Heeft je opname jou geholpen?

(Lange stilte) “Een vrijwillige opname in een psychiatrisch ziekenhuis is geen evidentie. Aangezien dit om een langdurige opname ging, was ik aangewezen op een gespecialiseerd ziekenhuis. Ik ben daar heel rebels geweest. Niet dat ik mij niet aan de regels wilde houden. Die zijn nodig en nuttig, maar de manier waarop daar vaak met mensen wordt omgegaan… (stilte) Je komt daar binnen en je wordt vaak als een ‘kleuter’ behandeld. Ze gaan er van uit dat je niets meer kan, dat zij alles voor u moeten doen. Als je iets wilt ondernemen, moet je het komen vragen. Voor alle duidelijkheid: dat is in de hele sector zo, niet alleen in Brugge. En ik begrijp heel goed dat dat voor de meeste mensen op dat moment nodig is.”

Het probleem is de eenheidsworst. Er is dringend nood aan passende therapie op maat van de patiënt

“Maar het probleem is die eenheidsworst. En voor negen op de tien mensen zal dat wel goed zijn. Maar voor de andere tien procent helaas niet. Ze wilden dat ik mij liet leiden, maar het was eerder lijden. Ik stelde vragen bij mijn therapie. Ik heb mij vrijwillig laten opnemen omdat ik ervan overtuigd was dat ik daar intensief aan mezelf zou kunnen werken. Maar per week zat ik amper een uur bij de psycholoog en een kwartier bij de psychiater. Voor de rest was het echt bezigheidstherapie. Sorry maar daar word ik niet beter van. Ik denk dat er een gigantisch hiaat is. Het is een uitdaging om voor die tien procent ‘anderen’ een passende therapie te geven. Op maat van de patiënt.”

Hoe lang ben je gebleven?

“Mijn bedoeling was om enkele weken te blijven, het zijn uiteindelijk vier maanden geworden. Dat was niet de beste periode uit mijn leven. Maar of ze ook mijn leven beter gemaakt hebben? Ik ben wel rustiger geworden, mijn lontje is weer langer. En het was een veilige omgeving. Maar met een lange vakantie in de bergen had ik misschien wel hetzelfde bereikt.”

Hoe gaat het nu met jou?

“Met ups en downs. Ik ben weer aan het werk. Dat geeft mij regelmaat en structuur. Dat helpt want ik doe mijn job ontzettend graag. De vele warme reacties van mijn collega’s doen echt deugd. Maar het blijft voelen alsof ik overleef, niet alsof ik leef. Weet je waar ik veel aan heb gehad tijdens mijn verblijf in Brugge? Al die hartelijke mensen die de moeite deden om mij te komen bezoeken. Babbels met niet-therapeuten zijn vaak de beste therapie.”

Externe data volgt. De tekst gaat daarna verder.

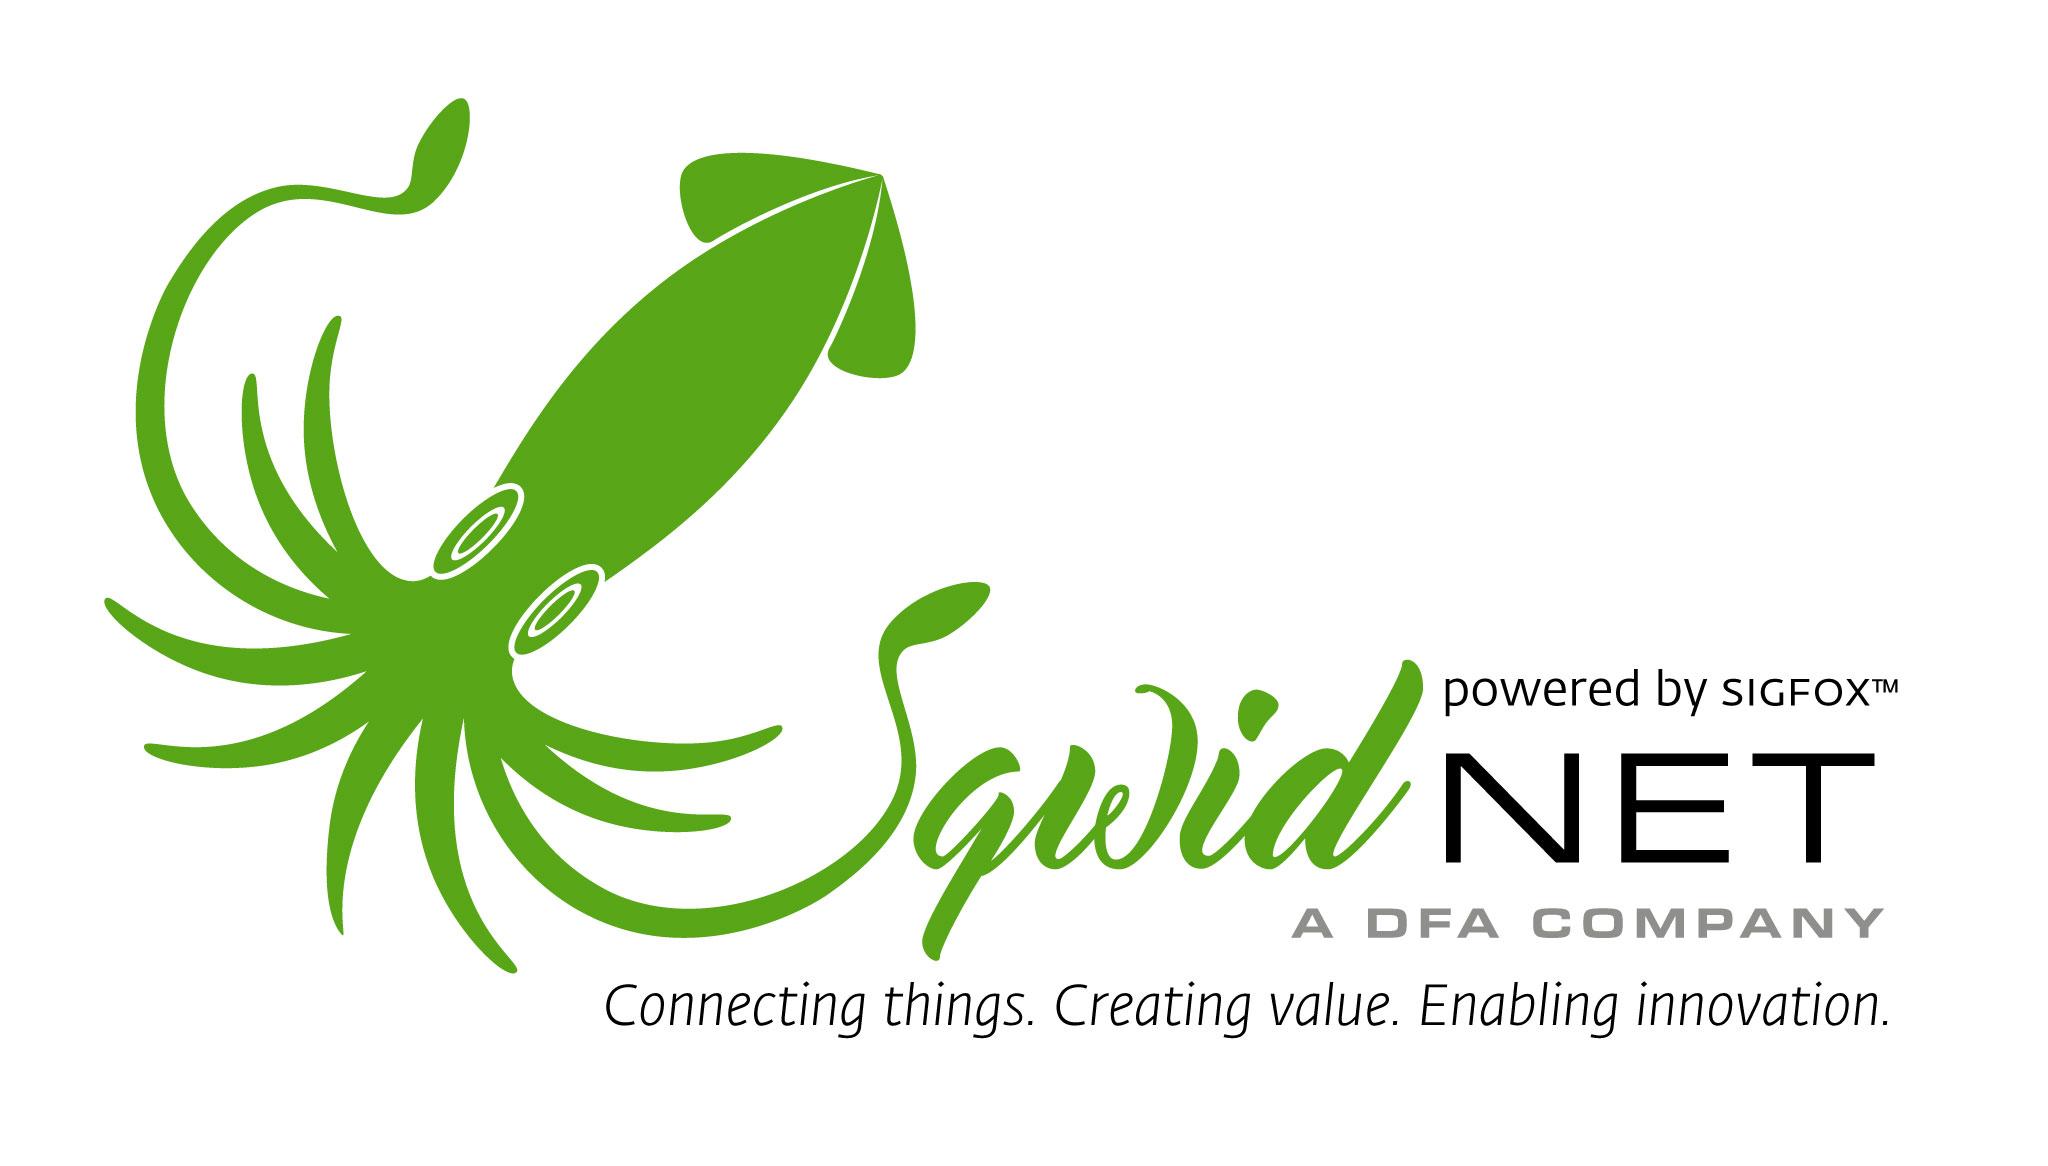 Squidnet IoT South Africa Logo

Er moet dus iets veranderen?

“Ja! Met mijn getuigenis wil ik onze beleidsmakers duidelijk maken dat onze geestelijke gezondheidszorg nog vaak zo stiefmoederlijk wordt behandeld. Weg met het taboe rond psychische problemen. Het zal misschien maar een klein steentje zijn dat ik in een grote rivier kan verleggen, maar ik wil het onbespreekbare bespreekbaar maken. En als ik door mijn getuigenis één iemand zijn leven kan redden, dan ben ik content.”